In-hospital Cost of Care
Costs of care were calculated based on the 2011–2012 published tariffs for neonatal care in the UK National Health Service.23 Costs for each level of care (intensive, high dependency, and special care) were calculated to the point of discharge or death.
Data were analyzed by using Stata version 12 (Stata Corp, College Station, TX). Continuous data are presented as means and SDs or medians and interquartile ranges (IQRs) for parametric and nonparametric data, respectively. Conditional logistic regression was used to compare the baseline characteristics of case subjects and matched control subjects, and then to compare respiratory outcomes; these outcomes included number of days of ventilation required, need for continuous positive airway pressure, and number of days spent in intensive care and high dependency. Univariable and multivariable logistic regression, with a priori adjustment for gestation and center, was used to calculate odds ratios (ORs) for the association between several potential risk factors and escalation in respiratory support, as well as discharge on home oxygen. Potential predictors of respiratory morbidity studied included the following: sex, birth weight, mode of delivery, antenatal steroids, maternal infection, chorioamnionitis, intrauterine growth restriction, maternal smoking, surfactant, Apgar score, cardiac anomalies (including patent ductus arteriosus), and necrotizing enterocolitis. Variables significant at the 10% significance level (P < .1) in a univariable logistic regression model were included in a multivariable model. Data were summarized by using ORs with 95% confidence intervals (CIs). Analyses were 2-sided and considered significant if P < .05.

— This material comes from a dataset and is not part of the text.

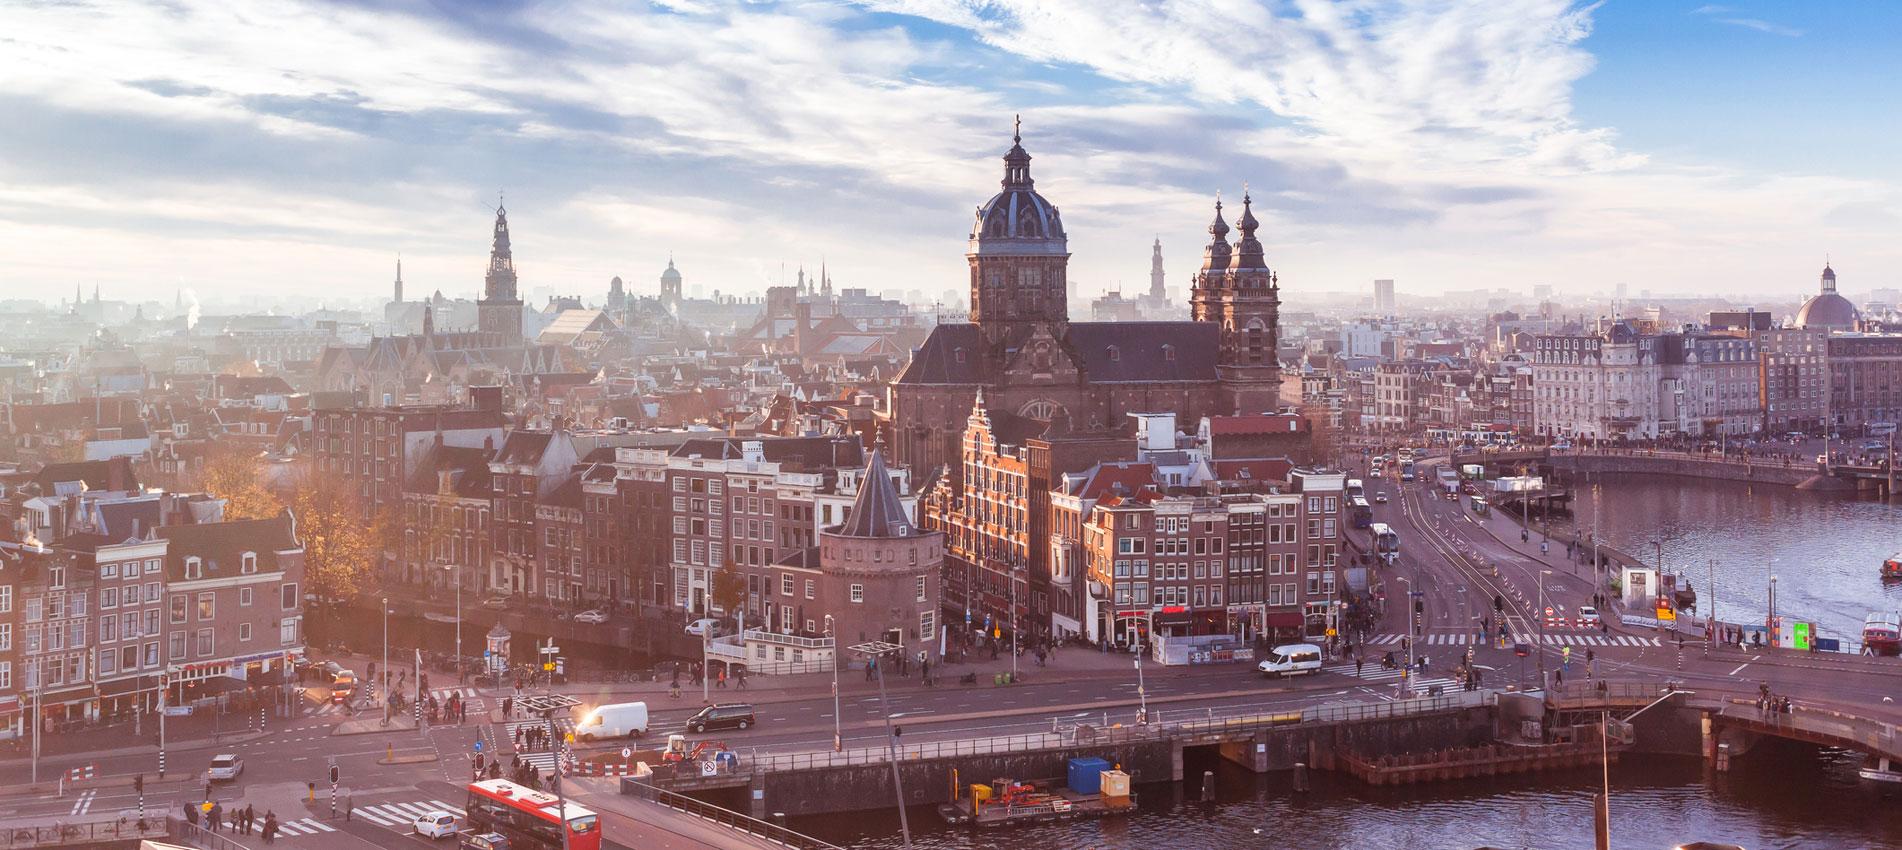 امستردام الساحرة - السياحة في هولندا - شركة لنك ألدولية

During the study period, there were 7995 admissions to the NICUs where the study was conducted (1332 per year) with a total of 79 642 bed-days. A total of 275 infants (92 case subjects and 183 control subjects) met the inclusion criteria. All case subjects were matched with 2 control subjects, with the exception of 1 infant who only had a single control subject meeting the inclusion criteria. Case and control subjects were evenly matched, with a median gestation of 29.4 weeks (IQR: 26.9–33.9 weeks) for the case subjects and 29.6 weeks (IQR: 26.9–34.0 weeks) for the control subjects. Both groups had similar baseline characteristics (Table 1).

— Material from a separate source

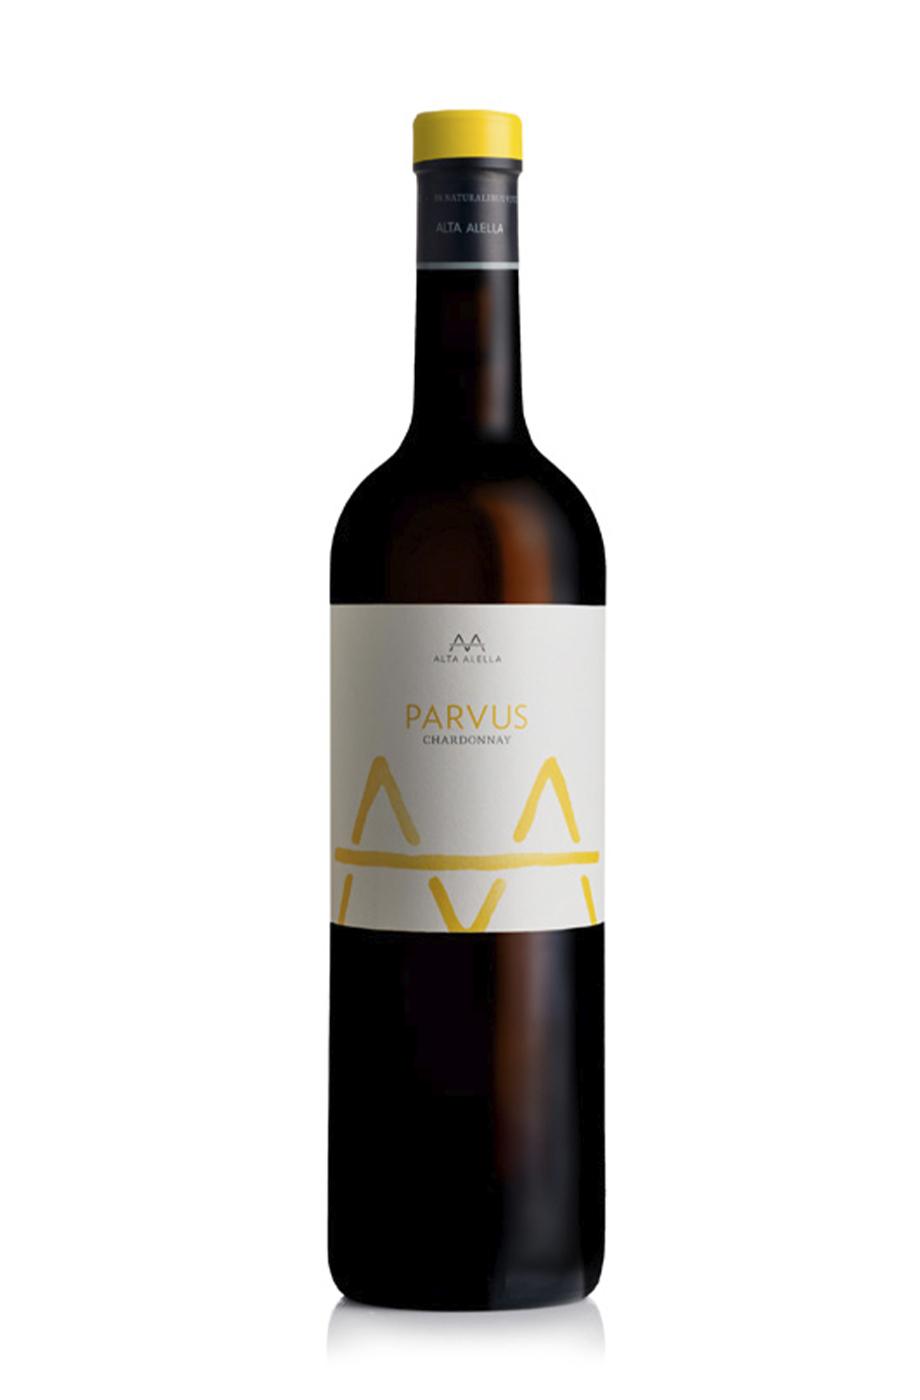 AA Parvus Chardonnay | Alta Alella  - Winexfood

There were a total of 95 nosocomial VRTIs diagnosed by using PCR in 92 symptomatic infants (Table 2). Of these, 84 (91%) were preterm, with 56 (61%) at ≤30 weeks’ gestation. These findings equate to a symptomatic nosocomial VRTI incidence of 3.8% in infants admitted at ≤30 weeks’ gestation. The median day of life of infection was 43 days (IQR: 25–76 days). Rhinovirus was the dominant pathogen and was detected in 70 case subjects (74%). There were 5 cases of influenza A H1N1 pandemic strain with escalation of respiratory support in 3 of those infants. Three deaths occurred before discharge in the case group (2 infants with H1N1 and 1 with rhinovirus). Of note, 9 (10%) of the case subjects had a diagnosis of gastroschisis. A total of 23 cases had blood culture specimens taken at the time of clinical deterioration, and 9 were positive (most for coagulase-negative Staphylococcus [n = 6]).
A total of 100 viral pathogens were identified in the 95 VRTIs. There were more than double the number of rhinovirus infections in the warmer months (April–September, n = 47) compared with colder months (October–March, n = 23). This pattern was reversed for other viruses, with 7 and 23 in the warmer and colder months, respectively.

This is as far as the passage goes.